- Trained immunity is the effective immunological response to a secondary antigen/insult after a primary exposure to an unrelated antigen/insult, providing immunological protection ranging from about 3 months to 1 year.
- The mechanism of trained immunity exists on a cellular level via epigenetic and metabolic modifications that elicit a robust immune response to the secondary insult.
- There is potential to target the pathways of trained immunity to develop treatments for health problems such as cancer, viral infection, and autoimmune disease.
If one decides to run a marathon, they will perform physical training for several months before the race. This training will acquaint them with the physical demands that running a marathon requires, so that they will have success when their fitness is tested on the day of the race. Likewise, if one begins a new job, they will likely complete a series of training sessions to become familiar with and proficient in the tasks required to successfully perform in the new role. In both scenarios, training describes the acquisition of a skill, knowledge, or experience by one who learns and practices something previously naïve to them. Broadly speaking, the act of "training" is exemplified in many different contexts, including within the cells and tissues of our bodies. For example, our immune system is constantly learning the molecular signatures associated with foreign invaders in order to identify and destroy them as efficiently as possible. The
immune system accomplishes this via the innate immune system and the adaptive immune system. The innate immune system is the first line of defense against foreign invaders. It elicits a non-specific response and responds the same way to all pathogens. The adaptive immune response is the second line of defense that specifically targets the pathogen causing the infection. The pathogen is engulfed by an antigen-presenting cell (APC), then a small fragment of that pathogen is presented on the outside of the APC for the T cell to recognize; thus, resulting in T cell proliferation and antibody production specific to that pathogen. Since it is specific to the pathogen, the adaptive immune response is generally slower than the innate immune response; however, it is more accurate. The adaptive immune system also confers longer-term immunity toward specific pathogens since it can "remember" previously encountered pathogens and therefore deploy a swift and targeted immune response when faced with the same pathogen again. Figure 1 provides a brief overview of the innate and adaptive immune responses.
What is trained immunity?
Traditionally, the scientific consensus was that the innate immune system could not "learn" how to defeat pathogens in the way the adaptive immune response can. However, an increasing number of studies show that the innate immune response can result in an enduring and precise immunological memory response to unrelated secondary pathogens. This concept that the innate immune response demonstrates the ability to form immune memory and provide long-lasting protection against foreign invaders is termed "trained immunity." Specifically, this concept describes the long-term functional reprogramming of innate immune cells, which is initiated by a foreign antigen, leading to an altered response towards a second challenge after the return to a non-activated state (Fig. 2) (1). These innate immune cells (such as monocytes, macrophages, or natural killer cells) can be reprogrammed via epigenetic processes to open chromatin structures that allow the expression of inflammatory genes to defend a secondary insult (Fig. 2). Further, innate immune cells can be reprogrammed via metabolic pathways that result in better defense against a secondary insult as well (Fig. 2) (1).

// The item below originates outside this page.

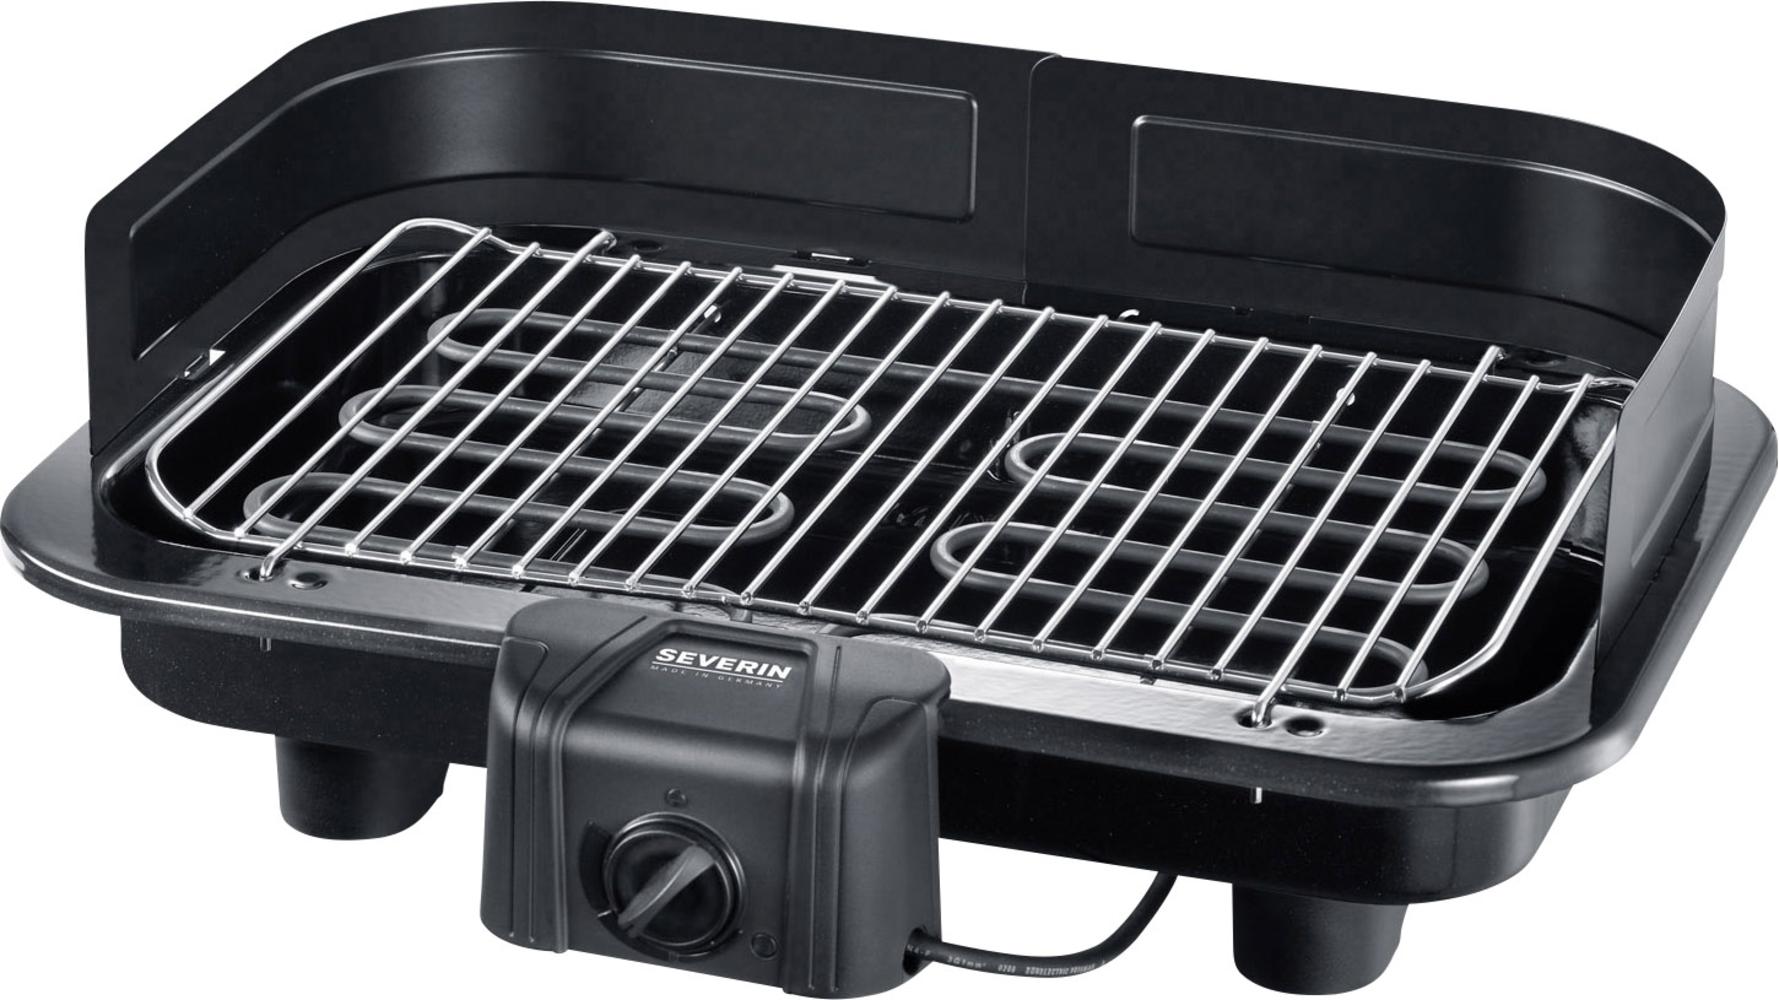 Severin Elektrogrill Pg1511 : Severin pg barbecue grill ab u ac im preisvergleich kaufen

Figure 2: Trained immunity results in effective defense against new pathogens. Initial pathogen exposure (A) results in functional reprogramming of innate immune cells via epigenetic modifications (B), gene expression changes (C), and metabolic changes (D). This causes an altered response towards a secondary pathogen exposure (E), via increased Akt/mTOR/HIF1 signaling pathway (F) and cytokine release (G, H).
For example, herpesvirus latency increases resistance to the bacterial pathogens Listeria monocytogenes and Yersinia pestis, via enhanced production of
IFNγ and systemic activation of macrophages. Furthermore, the bacille Calmette-Guerin (BCG) vaccine, is a vaccine for tuberculosis disease, but evokes trained immunity resulting in a robust immune response to unrelated diseases such as bladder cancer and lymphoma (1,2). The trained immunity acquired from the BCG vaccine for treating cancer is so effective that it is now an FDA-approved treatment against many cancers, including melanoma and bladder cancer (1,2). Another example of trained immunity is the primary exposure to the fungal ligand β-glucan (present in the cell wall of the pathogen Candida albicans), which results in protection against subsequent infection with Staphylococcus aureus (3). Mechanistically, studies have found that these methods of trained immunity, specifically the BCG vaccine and β-glucan, trigger
epigenetic modifications in histone tri-methylation at H3K4 via NOD2 and
dectin signaling pathways, respectively. These changes then activate monocytes and macrophages, induce cytokine production, and switch cellular metabolic state from oxidative phosphorylation to aerobic glycolysis. These data provide evidence that infections by themselves or the immune system's exposure to immune-stimulatory agents (such as vaccines) can provoke specific protection against reinfection from a specific pathogen and non-specific protection against a subsequent challenge from a different pathogen. Given the likelihood that trained immunity plays a role in various diseases, understanding the molecular mechanisms that drive trained immunity can provide a framework to develop non-specific therapies to deploy in the clinic to treat various conditions.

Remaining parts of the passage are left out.